Meta unveils Llama-3 – testing the best new open source AI model

adminApril 20, 2024

Meta has released Llama 3, the most advanced open source large language model available today. Building on the foundations of its predecessor, Llama 2, this was surprising considering it was rumored to be released next month.

The open-source foundation Llama-2 has played a key role in the concurrent development of other powerful models such as Mixtral, Alpaca, Vicuna, and WizardLM. Now, Llama-3 promises to take these capabilities even further, providing similar functionality to OpenAI’s current flagship AI model, GPT-4.
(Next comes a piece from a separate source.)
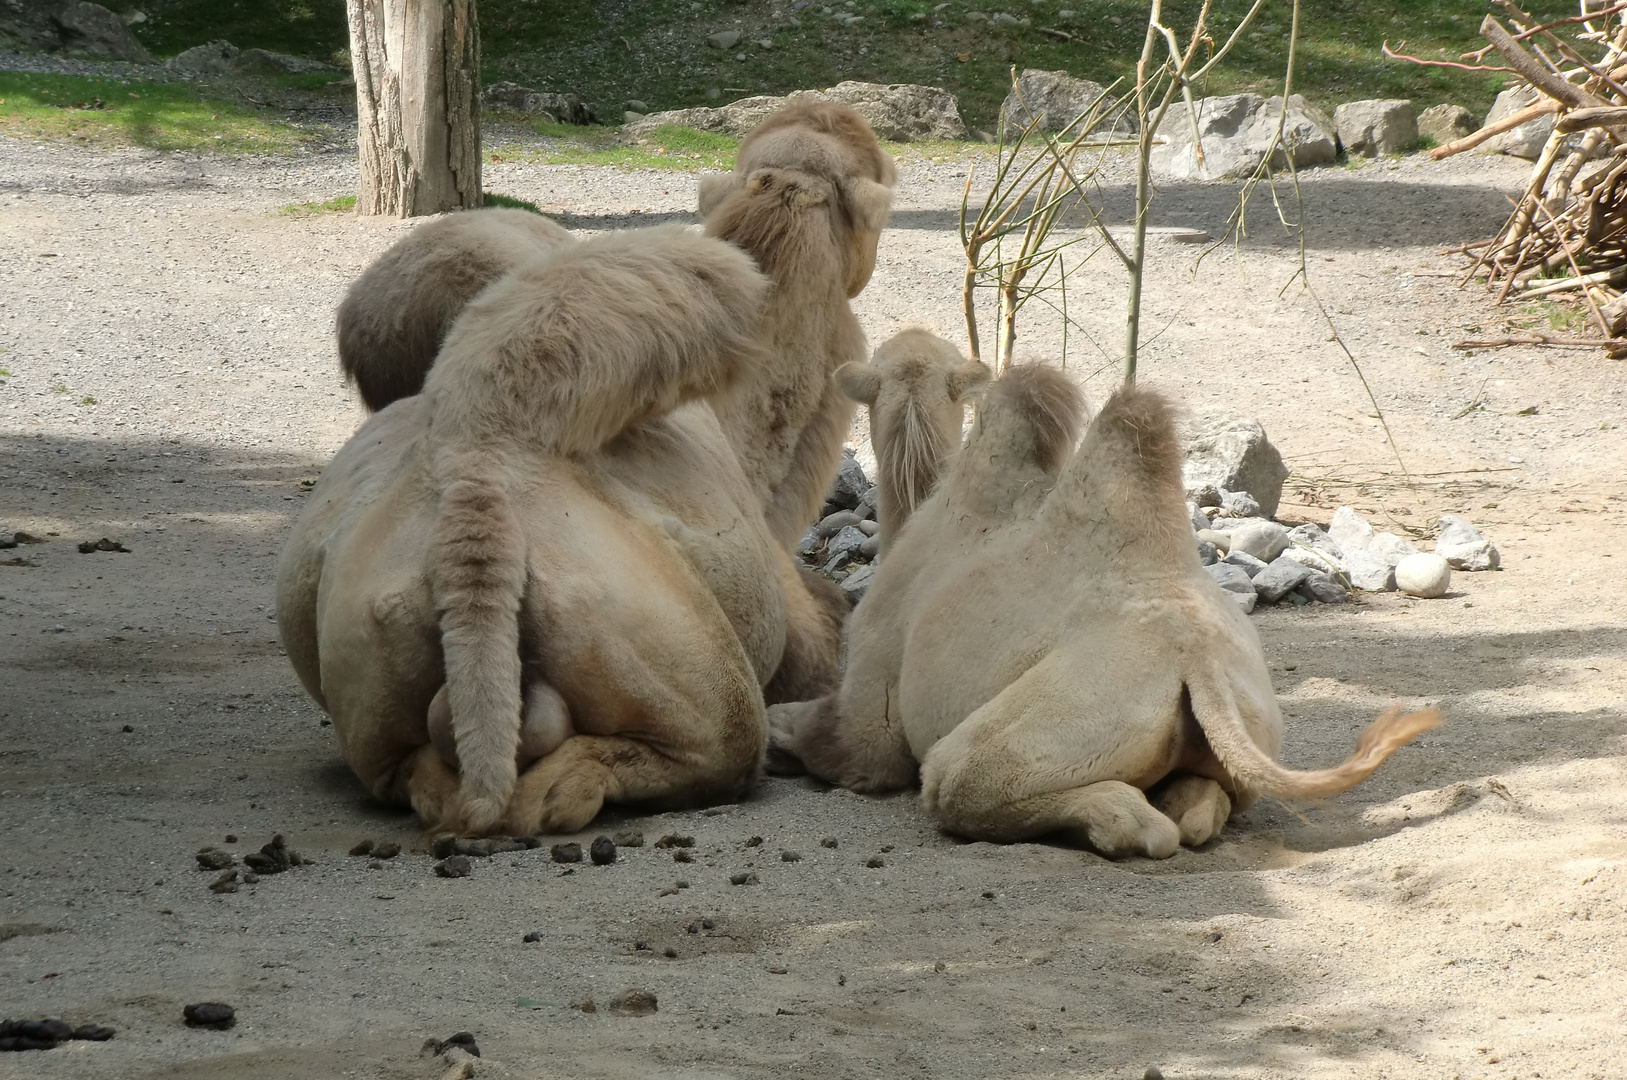 Kamelfohlen - young camel

Meta hailed Thursday’s launch as “the next generation of cutting-edge, open-source, large-scale language models.” Exuding confidence in the tech giant’s capabilities, Llama 3 supports Meta AI, which has been added to almost all of the company’s popular apps, including Instagram, Facebook, and WhatsApp. Although it is only available in some countries, users in other regions can access it via VPN.

Meta AI’s Chatbot interface is similar to ChatGPT Plus and is free.

“We are upgrading Meta AI with our new, cutting-edge Llama 3 AI model, now open source,” Mark Zuckerberg said in a Facebook post. “With this new model, we believe Meta AI is now the most intelligent AI assistant freely available.”

decryption We were able to test the new AI and found that it performed just as well as ChatGPT-Plus without a paid subscription. You can create images and animations, generate code, and provide consistent, context-sensitive responses. New chatbots can also access the Internet, but they are still no match for the capabilities of professional solutions like Perplexity.

Perhaps the only downside is that Llama-3’s current context window is limited to 8K tokens (about 6,000 words).

Meta has released the Llama-3 model with 70 billion parameters, but using it will require enormous computing power, i.e. an entire GPU rack. According to synthetic benchmarks, this model outperforms the Gemini 1.5 Pro and Claude 3 Sonnet.

It also has an 8 billion parameter model that can be run locally on consumer-grade GPUs. It outperforms Google’s Gemma and Mistral 7B on a variety of synthetic benchmarks. The model is not yet listed on LLM Arena, so there is no subjective ELO score to report yet.

Comparison of Llama 3 with other AI LLMs — Image: Meta

Both models can also be run on cloud instances at a lower cost.

“We are committed to developing Llama 3 in a responsible way and providing a variety of resources to help others use Llama 3 responsibly,” Meta said. This includes the introduction of new trust and safety tools such as Llama Guard 2, Code Shield, and CyberSec Eval 2.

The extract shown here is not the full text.